Lacy M. Johnson
Lacy M. Johnson (Lacy M. Johnson on Twitter)

Review: Houston Memoirist Lacy M. Johnson’s The Other Side Finds Redemption in the Dark

by

Lacy M. Johnson reads at Brazos Bookstore in Houston on Thursday, July 22, at 7 p.m.; at The Twig Book Shop in San Antonio on Sunday, July 27, at 3 p.m.; and at BookPeople in Austin on Tuesday, July 29, at 7 p.m.

How does one tell an unspeakable story? This question hovers like fog over Lacy M. Johnson’s The Other Side, a memoir about the author’s imprisonment and rape, in 2000, at the hands of a man she had once dated. Since then, Johnson has found happiness both professionally (she received her Ph.D. from the University of Houston and now works as director of academic initiatives at UH’s Cynthia Woods Mitchell Center for the Arts) and personally (as a wife and mother), yet the crime—whose perpetrator escaped the American justice system by moving to Venezuela—has continued to haunt her. The Other Side is a book about an abusive relationship leading to a violent crime, yes, but more than that it’s about the difficulty and necessity of telling such a story instead of allowing others to tell it for you.

The Other Side
The Other Side
By Lacy M. Johnson
Tin House Books
232 pages; $15.95  Tin House Books

Johnson shows less interest in the awful facts at her memoir’s center than in the way she experienced those facts. She rarely addresses the rape directly, circling it at a distance, oftentimes even standing outside of her story to focus on objective-seeming materials—police reports, photographs, newspaper articles—only to then question their objectivity by delving into her own memories. (“It’s possible I’m not remembering right,” Johnson tells her therapist, who responds: “Is there any other way of remembering?”) This tension between fact and perception forms the book’s intellectual backbone, and though The Other Side begins as a true-crime story, it flowers into an investigation of memory.

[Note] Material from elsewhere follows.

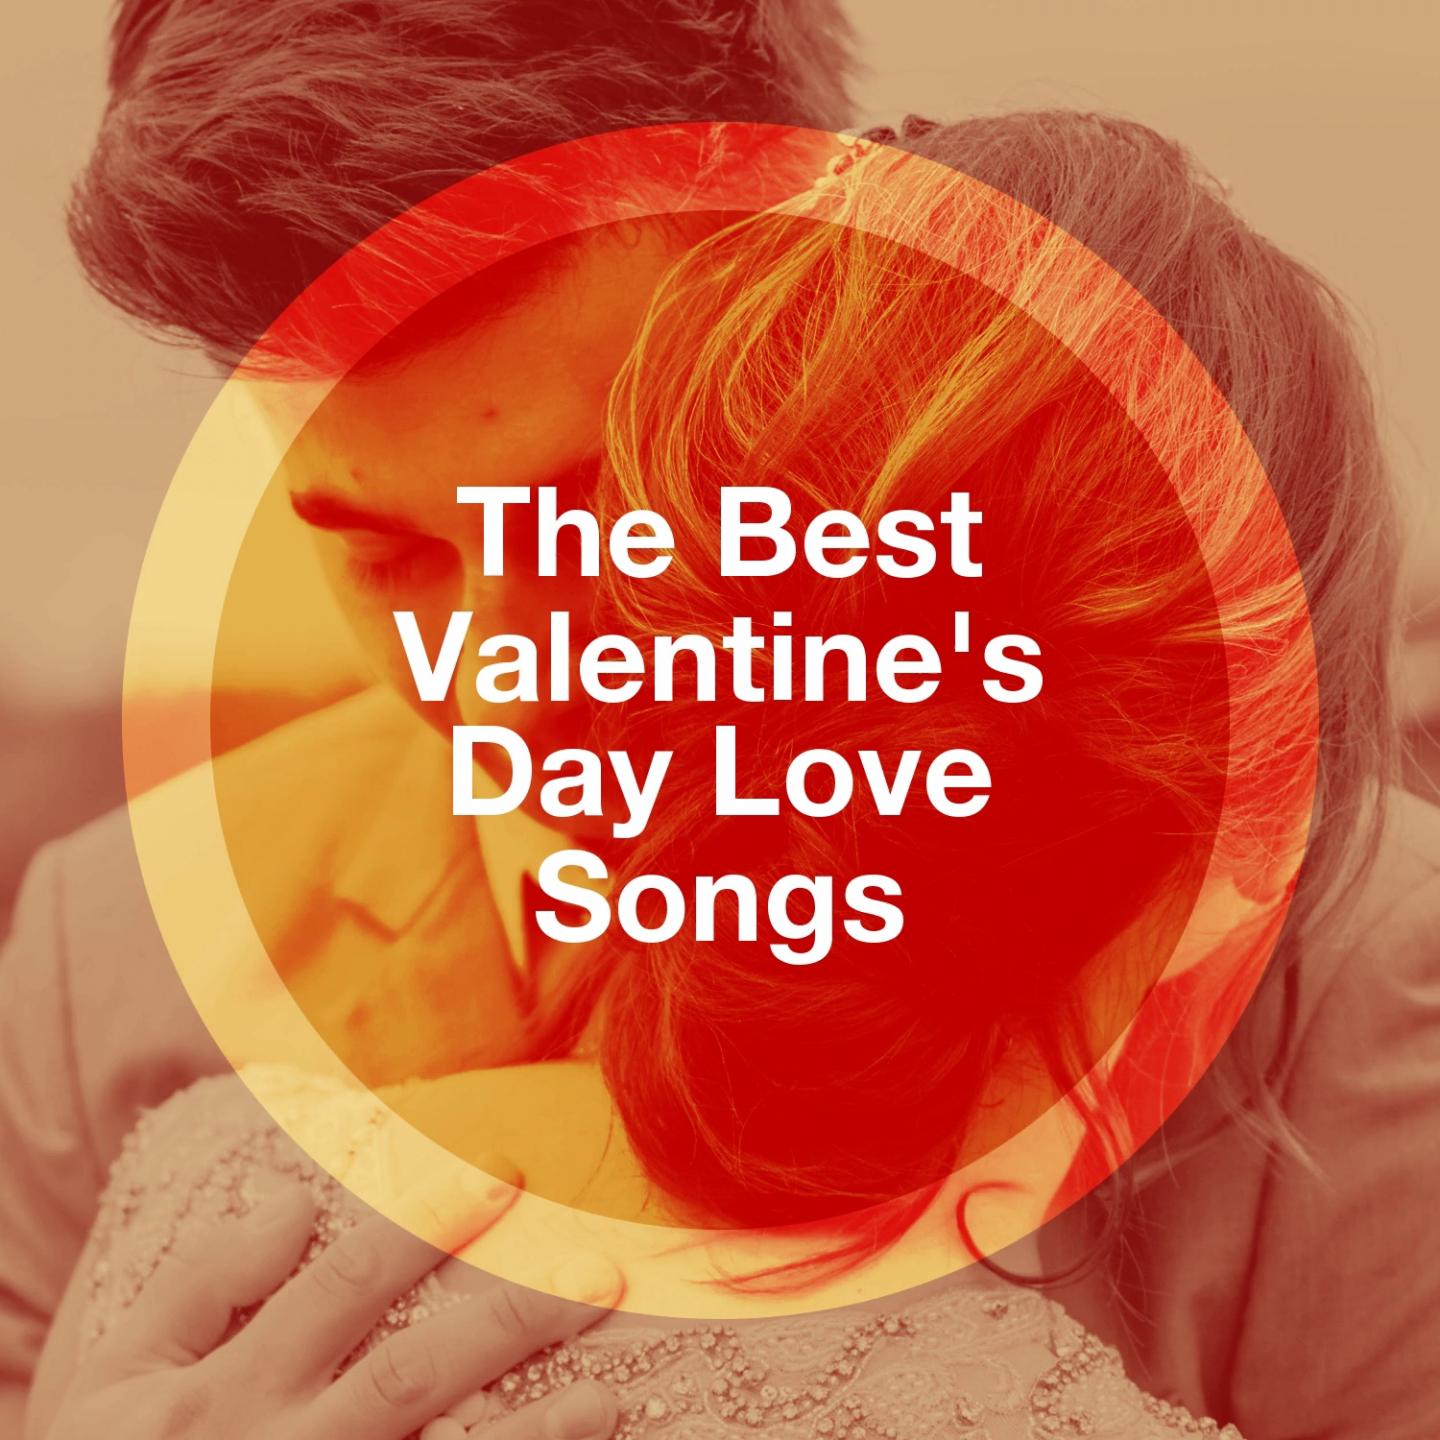 The Best Valentine's Day Love Songs

Despite the subject matter, Johnson never wallows in bleakness. Her writing style is engaging and redemptive, a trick accomplished partly by virtue of Johnson’s voice—clear and direct, but with a breezy archness that belies her story’s dark core. Upon seeing her possessions in a Ziploc bag marked EVIDENCE, Johnson writes: “Nice to meet you, Evidence.” Elsewhere she exhibits both the touch of a poet (blood in her mouth becomes “the taste of a penny stolen from the kitchen jar”) and a novelist’s eye for character-fleshing detail (her mother addresses crises with Cool Ranch Doritos). As for the crime itself, Johnson breaks it up over a couple of different chapters, never asking the reader to experience the horror in a sustained way. The Other Side moves lithely from scene to scene, shuffling the chronology so readers remain aware that no matter how terrible events may seem, a happier life for Johnson lies ahead.

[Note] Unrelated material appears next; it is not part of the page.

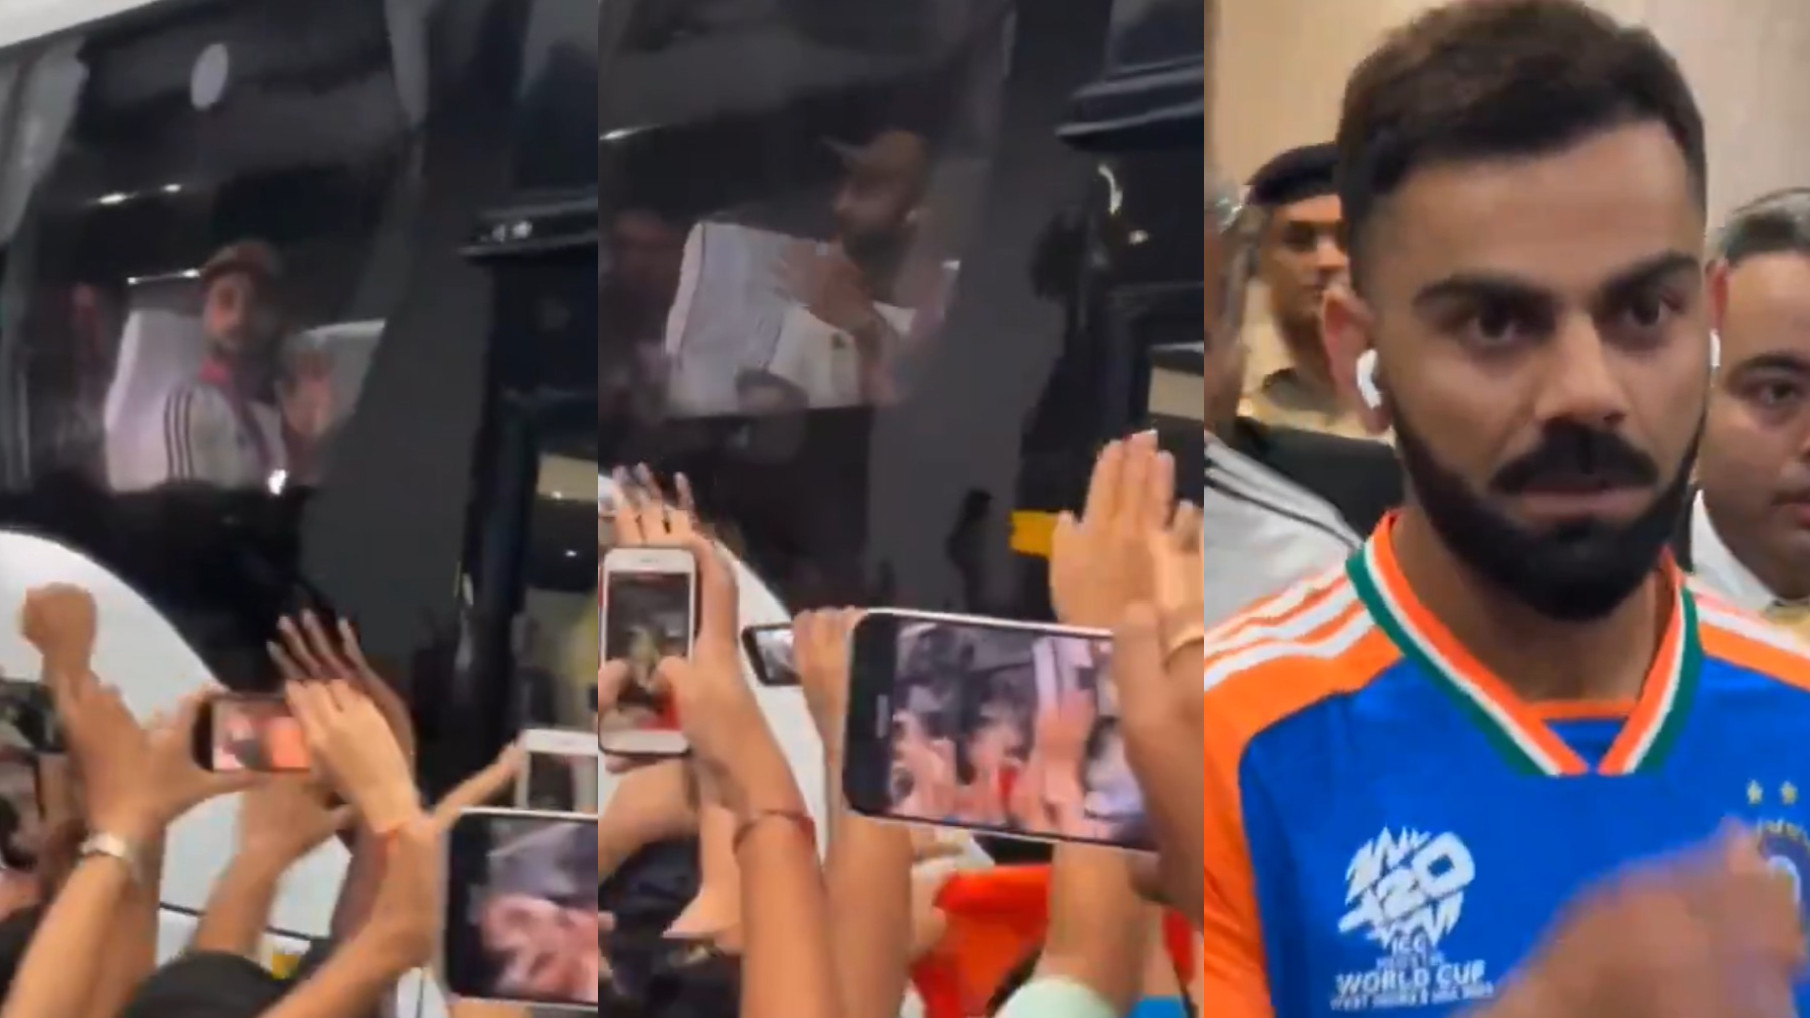 WATCH- Virat Kohli’s reaction to seeing tremendous fan support at Delhi airport

All of this adds up to a great book, one that isn’t ultimately about violence, but about a woman taking control of her own story after years of looking at it as if it were a reflection, something familiar yet distant, something she never quite accepted as her own.

“How is it possible,” Johnson asks, “to reclaim the body when it’s visible only in a mirror?” The Other Side is Johnson’s attempt to shatter that mirror—to reclaim a seemingly unspeakable story and, in so doing, to bring it to an end.